AIM OF THE TASK: Return the listing exactly as it appears, but strip out the images.

DATA SECTION:
--- START ---

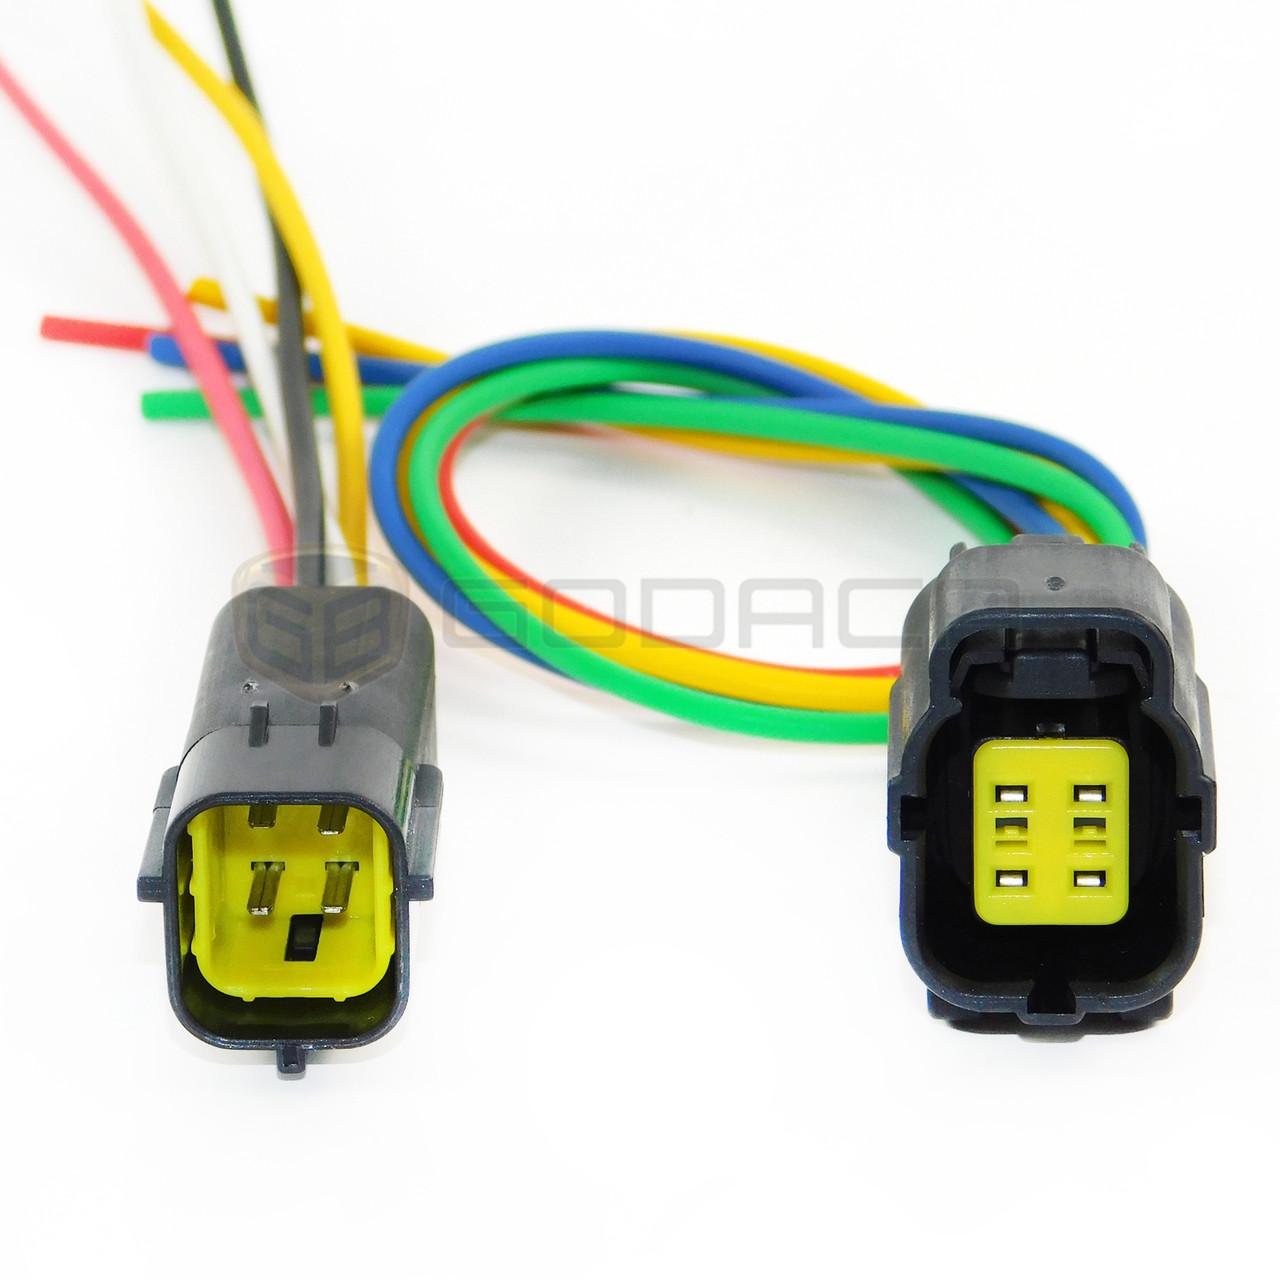 small resolution of 1 x female male connector harness pigtail o2 oxygen sensor chevrolet ford honda godaca llc
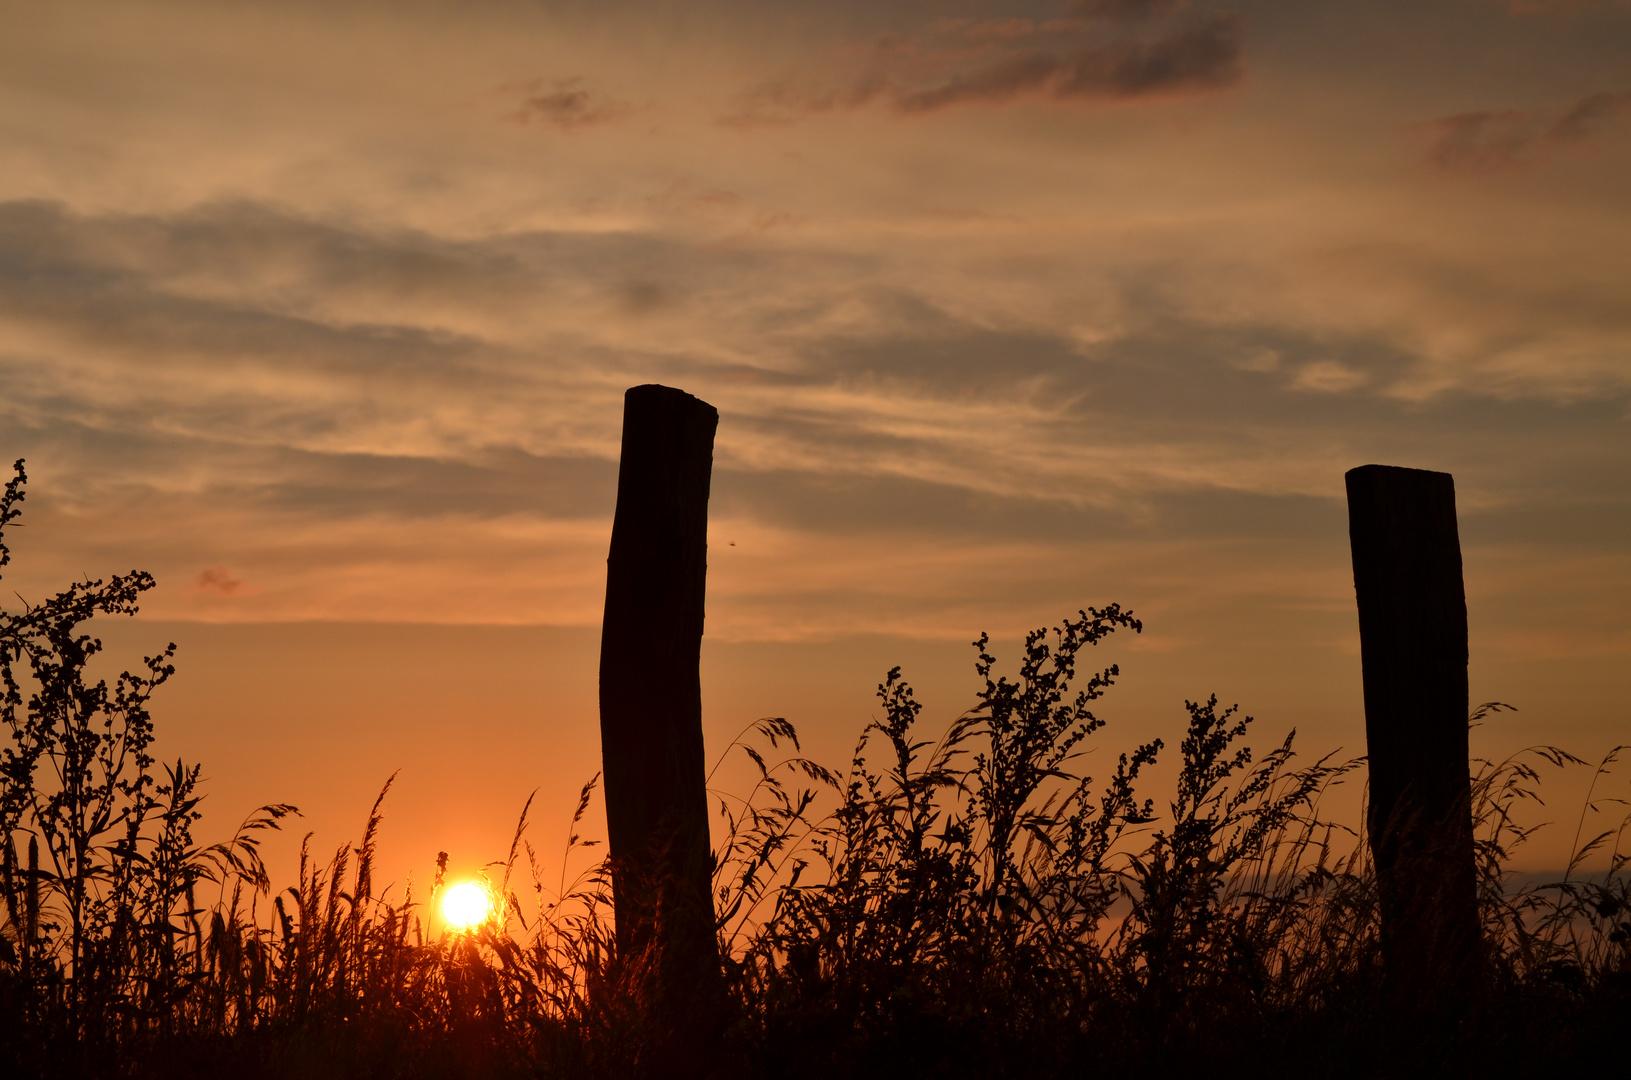 Sonnenuntergang hinter Feld und Pfosten
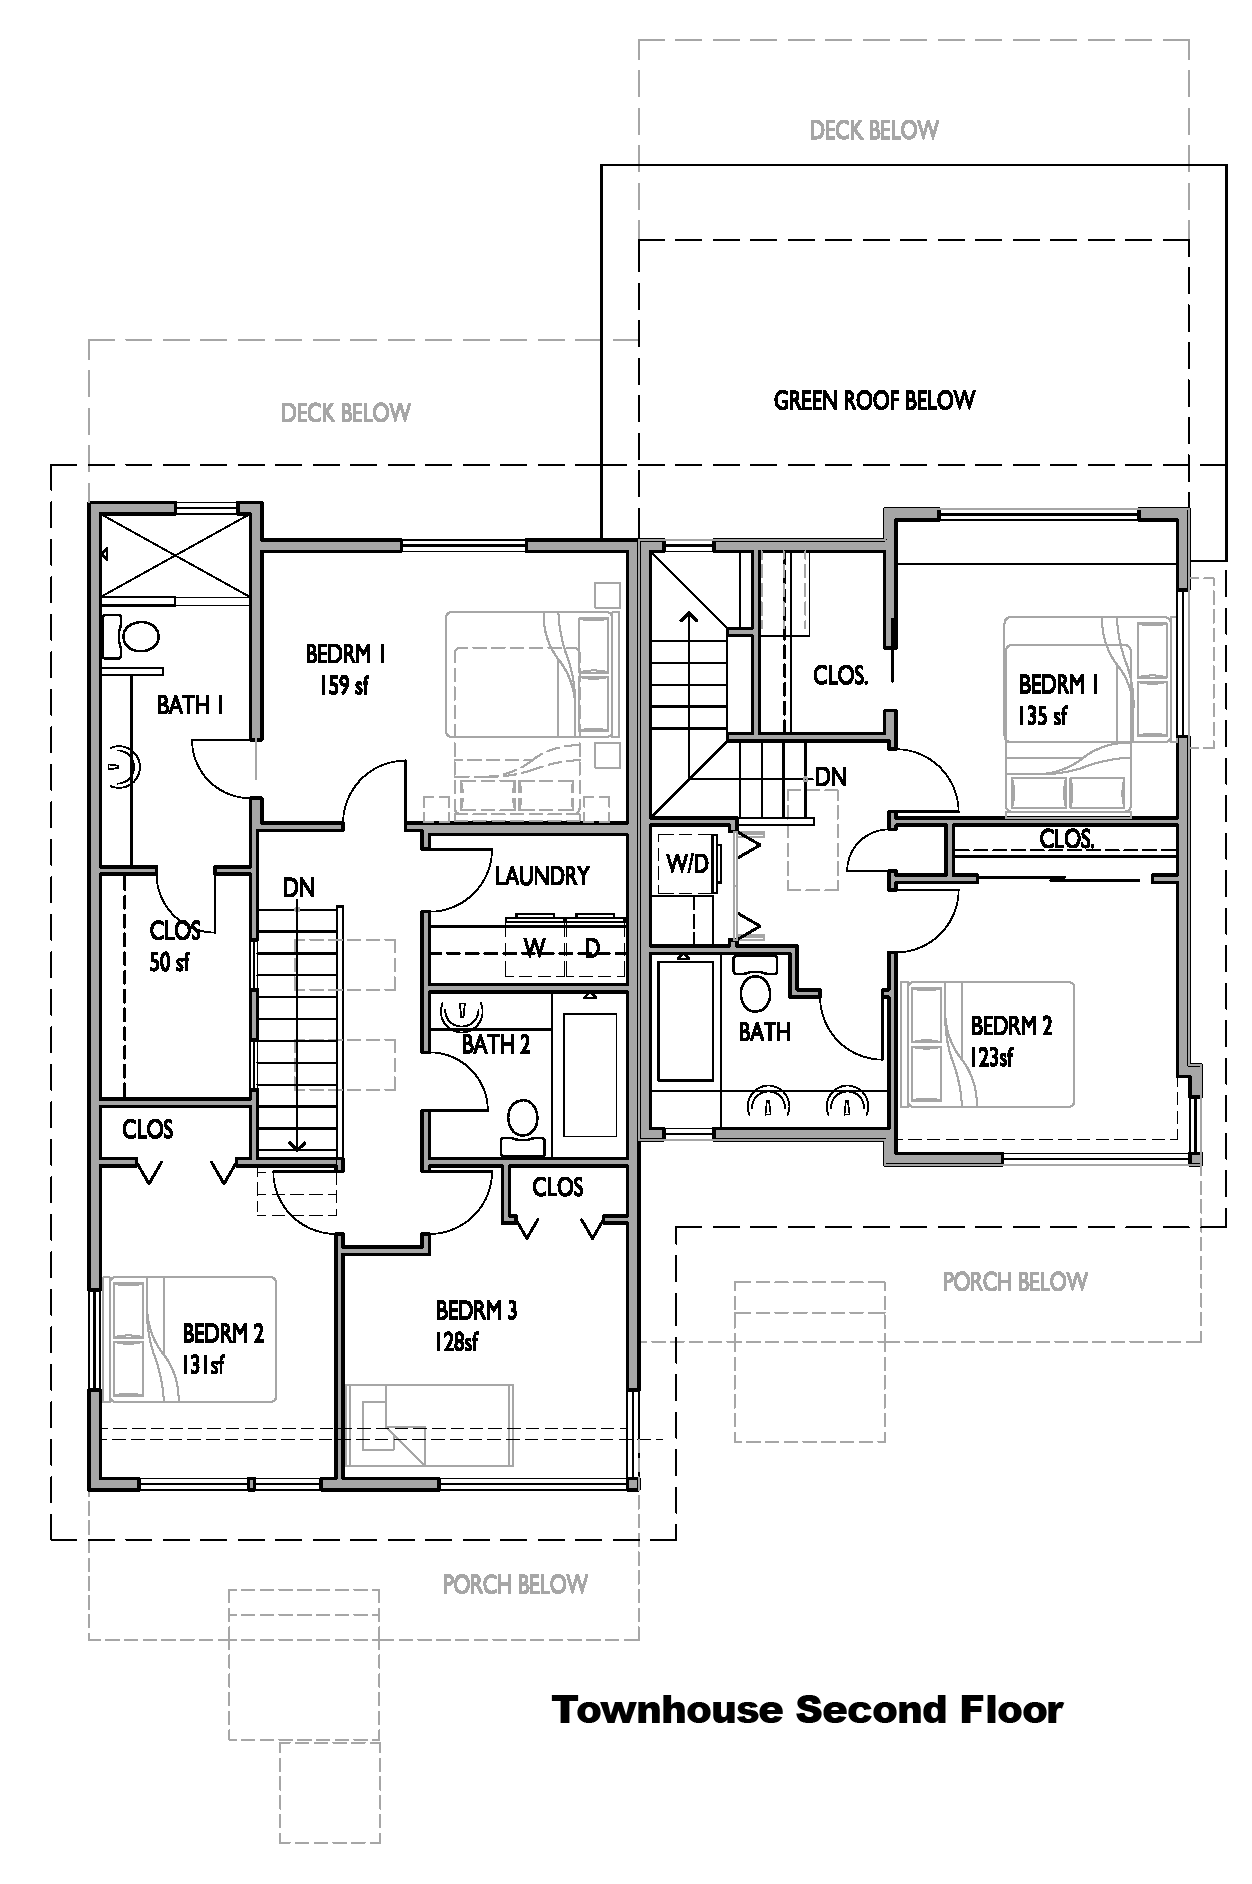 Electrical Plan Of Single Family Dwelling

--- END ---

PROBLEM SOLUTION:
 small resolution of 1 x female male connector harness pigtail o2 oxygen sensor chevrolet ford honda godaca llc
 Sonnenuntergang hinter Feld und Pfosten
 Electrical Plan Of Single Family Dwelling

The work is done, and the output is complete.